Palmer v WSC Riverside Dr., LLC
2009 NY Slip Op 03391 [61 AD3d 589]
April 28, 2009
Appellate Division, First Department
Published by New York State Law Reporting Bureau pursuant to Judiciary Law § 431.
As corrected through Wednesday, June 10, 2009


Robert Palmer, Respondent,
v
WSC Riverside Drive, LLC, et al., Appellants.

[*1] Sperber Denenberg & Kahan, P.C., New York (Steven B. Sperber of counsel), for appellants.

Jack L. Lester, New York, for respondent.

Judgment, Supreme Court, New York County (Lottie E. Wilkins, J.), entered July 30, 2008, dismissing this action seeking declaratory and other relief after nonjury trial, unanimously modified, on the law, to declare plaintiff has no leasehold possessory rights to the roof area, and otherwise affirmed, with costs in favor of defendants.

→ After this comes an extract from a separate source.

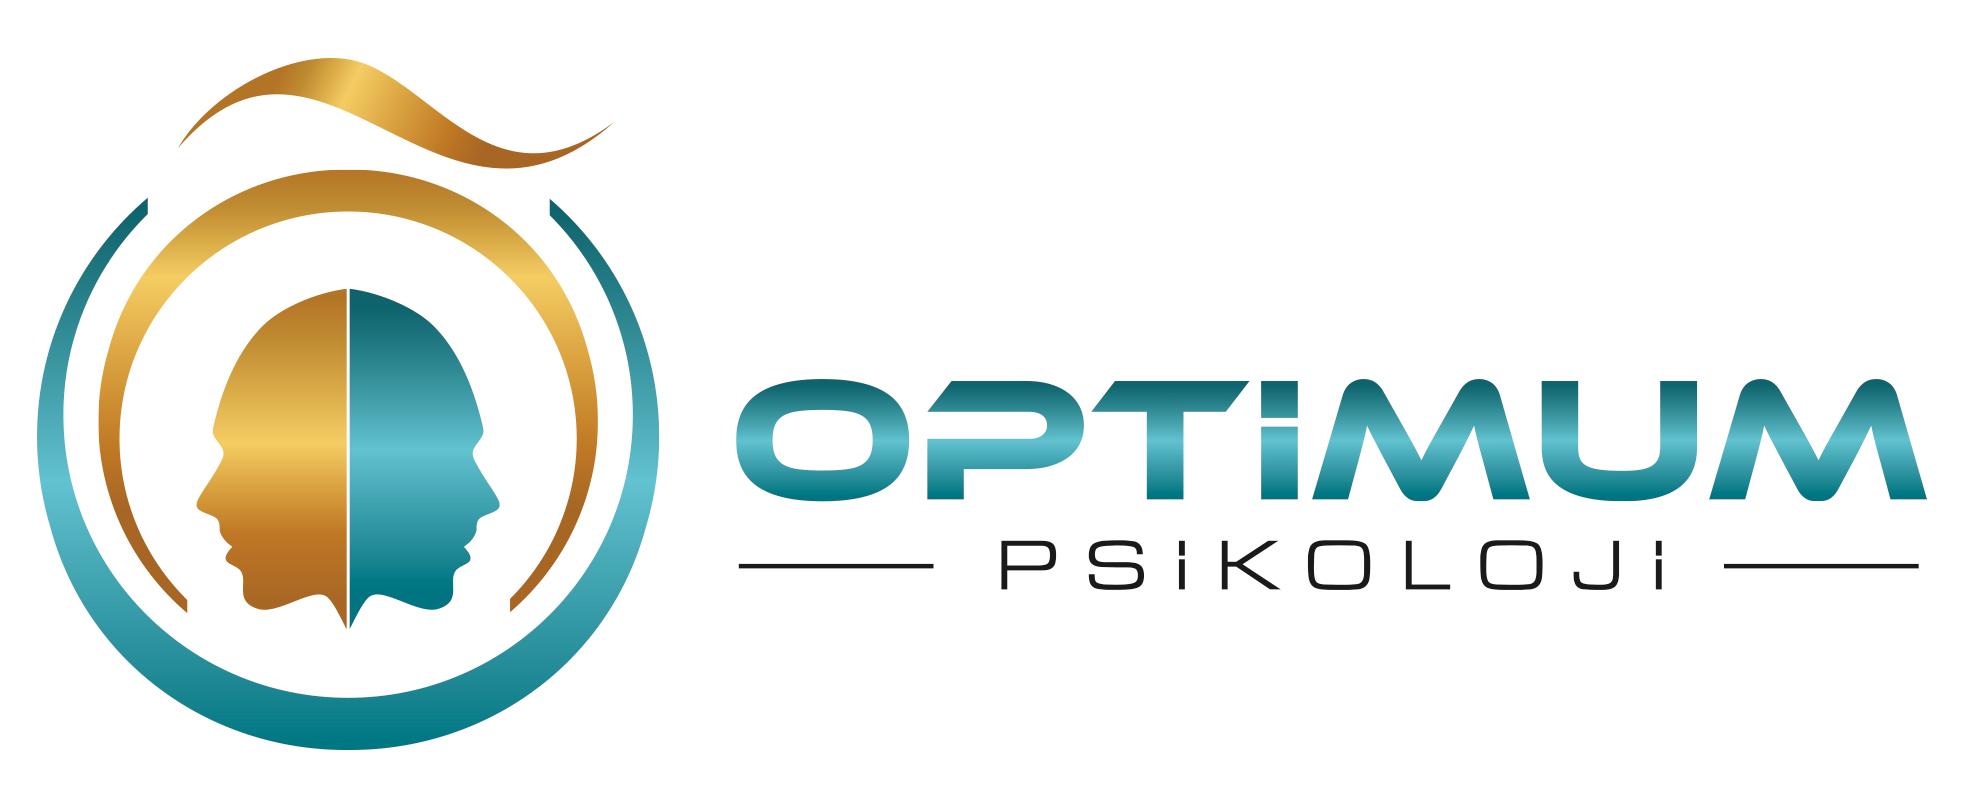 Konya Psikolog | Konya Cinsel Terapi | EMDR : www.optimumpsikoloji.com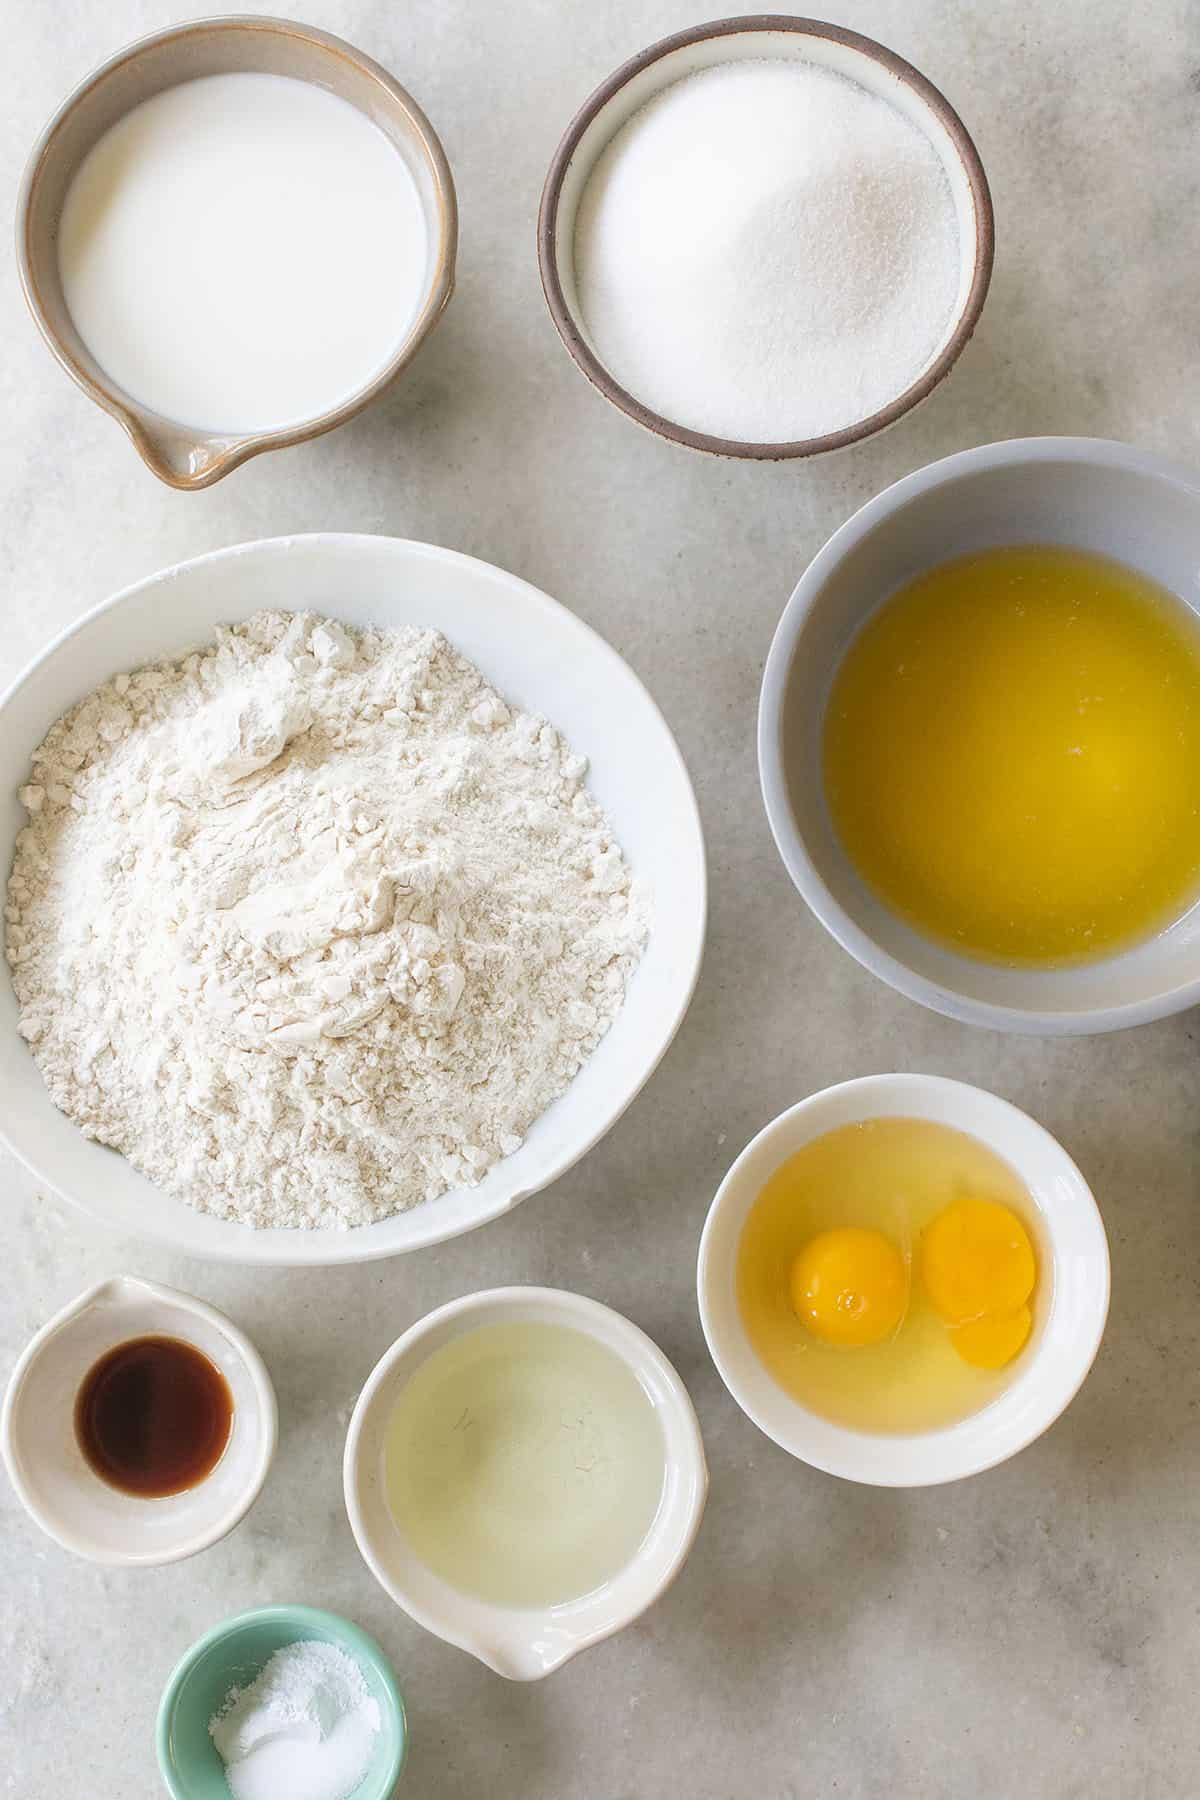 crumb cake ingredients

The scope of our review of a nonjury trial is as broad as that of the trial judge (Northern Westchester Professional Park Assoc. v Town of Bedford, 60 NY2d 492, 499 [1983]), and permits us to substitute our own judgment where the evidence fails to support an important element of the trial court's findings (Jossel v Filicori, 235 AD2d 205, 206 [1997]). The trial court limited its declaration to stating that plaintiff was entitled to possession of the entire apartment under the current lease, and found an ambiguity as to whether this included the adjacent outdoor area, thus sidestepping the issue of rights thereto. This was due to a dearth of evidence that defendant WSC, the shareholder in the cooperative and holder of the proprietary lease appurtenant to the apartment, had any rights to the roof area.

There was no ambiguity in the lease, which controls the parties' rights and obligations. The lease referred only to the "Apartment," not the roof, except in a standard-form provision in the attached rules prohibiting tenants from drying their clothes there (see Hazlett v Rahbar, 27 AD3d 384 [2006]). Nothing in the admitted documents or the parties' conduct allows an interpretation permitting plaintiff to use the roof/terrace area (see 1050 Fifth Ave. v May, 247 AD2d 243 [1998]; Jossel, 235 AD2d at 206).

In an action for declaratory judgment, where a disposition on the merits is against granting certain relief, the court should make a declaration rather than simply dismissing that aspect of the complaint (Hirsch v Lindor Realty Corp., 63 NY2d 878 [1984]; see also Real Bidder v St. Luke's-Roosevelt Hosp. Ctr., 254 AD2d 123 [1998]). Accordingly, we declare that plaintiff has no possessory rights under the lease to the roof area. [*2]

We have considered the balance of plaintiff's argument and find it unavailing. Concur—Mazzarelli, J.P., Andrias, Nardelli, Catterson and DeGrasse, JJ.